Stocks & Commodities V. 23:2 (14-20): The Truth About Volatility by Jim Berg
Many indicators can help identify volatility. But can you use them to target specific price areas for entry signals, trailing stops, and profit-taking opportunities?
Typically, volatility indicators are used to determine
the direction, strength, and momentum of a security. The average true range (ATR), one of the more popular volatility indicators, measures volatility by looking at the average price ranges over the past x number of periods, taking gaps into account.
The true range indicator is the greatest of the
following for each period:
• The distance from today’s high to today’s low
• The distance from yesterday’s close to today’s high
• The distance from yesterday’s close to today’s low.
Most trading software packages include ATR in
their list of indicators, which you can usually overlay
on top of a bar chart, as can be seen in Figure 1.

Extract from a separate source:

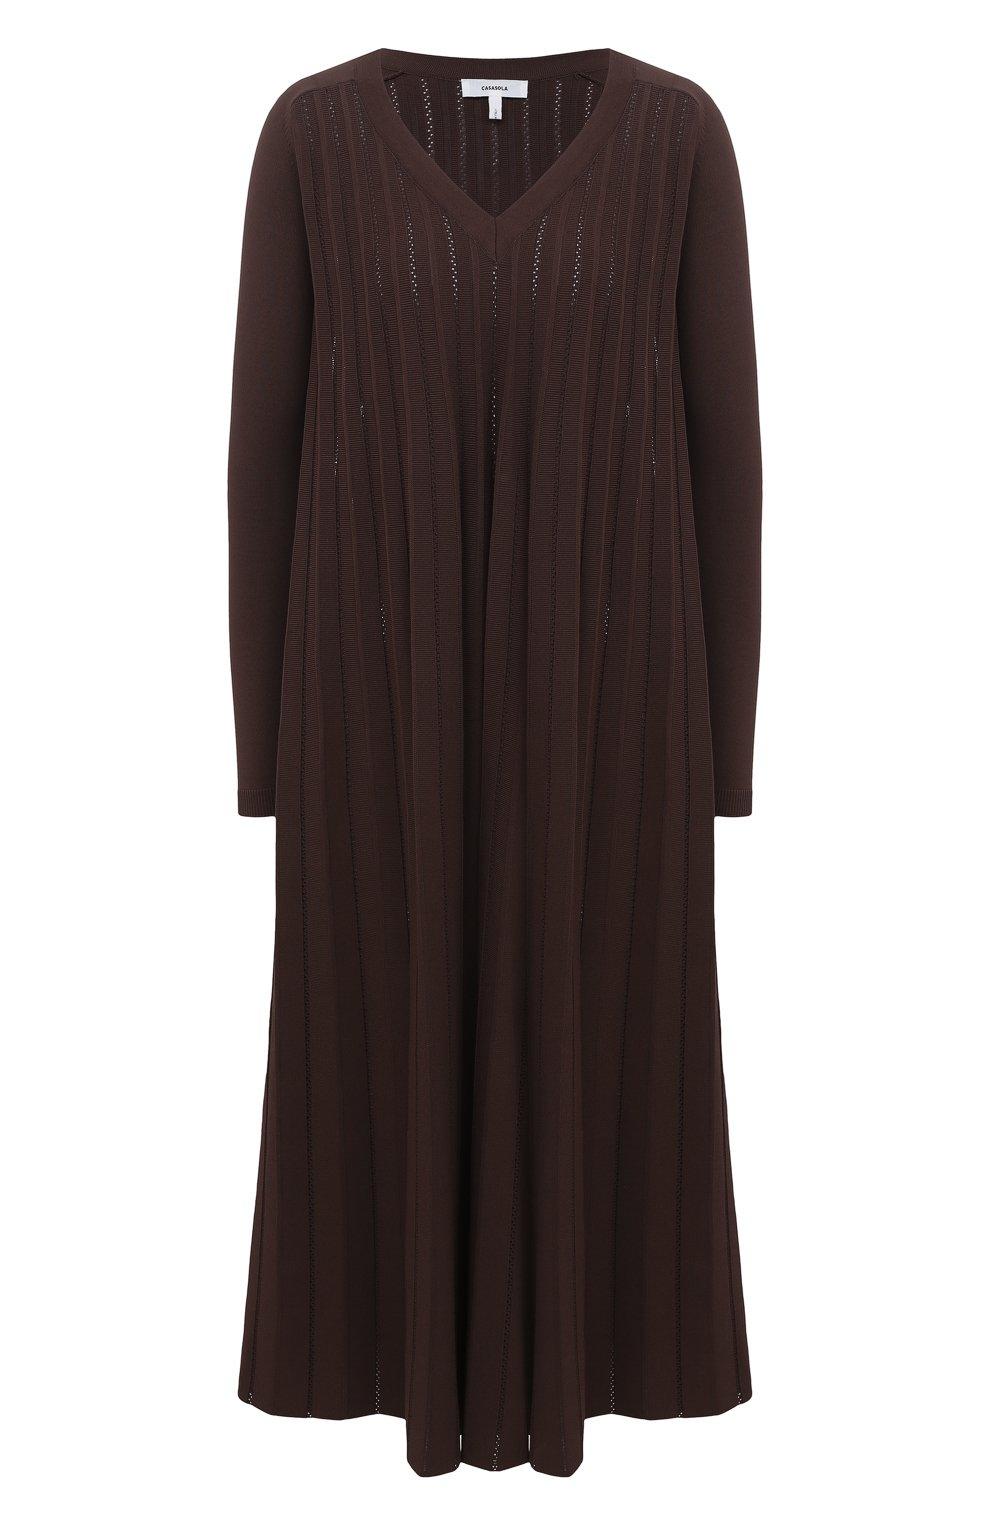 Женское платье из вискозы CASASOLA коричневого цвета, арт. DRS-C-CARLA/VISC0SE | Фото 1 (Рукава: Длинные; Случай: Повседневный; Длина Ж (юбки, платья, шорты): Миди; Материал внешний: Вискоза; Женское Кросс-КТ: Платье-одежда)

Typically, when analyzing ATR volatility, you would focus on volatility at tops and bottoms and during price consolidation and retracements. However, if you incorporate the ATR into a few simple formulas, you may be able to identify where to enter and exit trades, and make a reasonable profit. Before going any further, I think it’s fair to say that I apply my ATR volatility analysis only to securities that are in a rising trend. After all, it is the path of least resistance. Who wouldn’t want to buy securities when they are rising and sell them when they are no longer in a rising trend?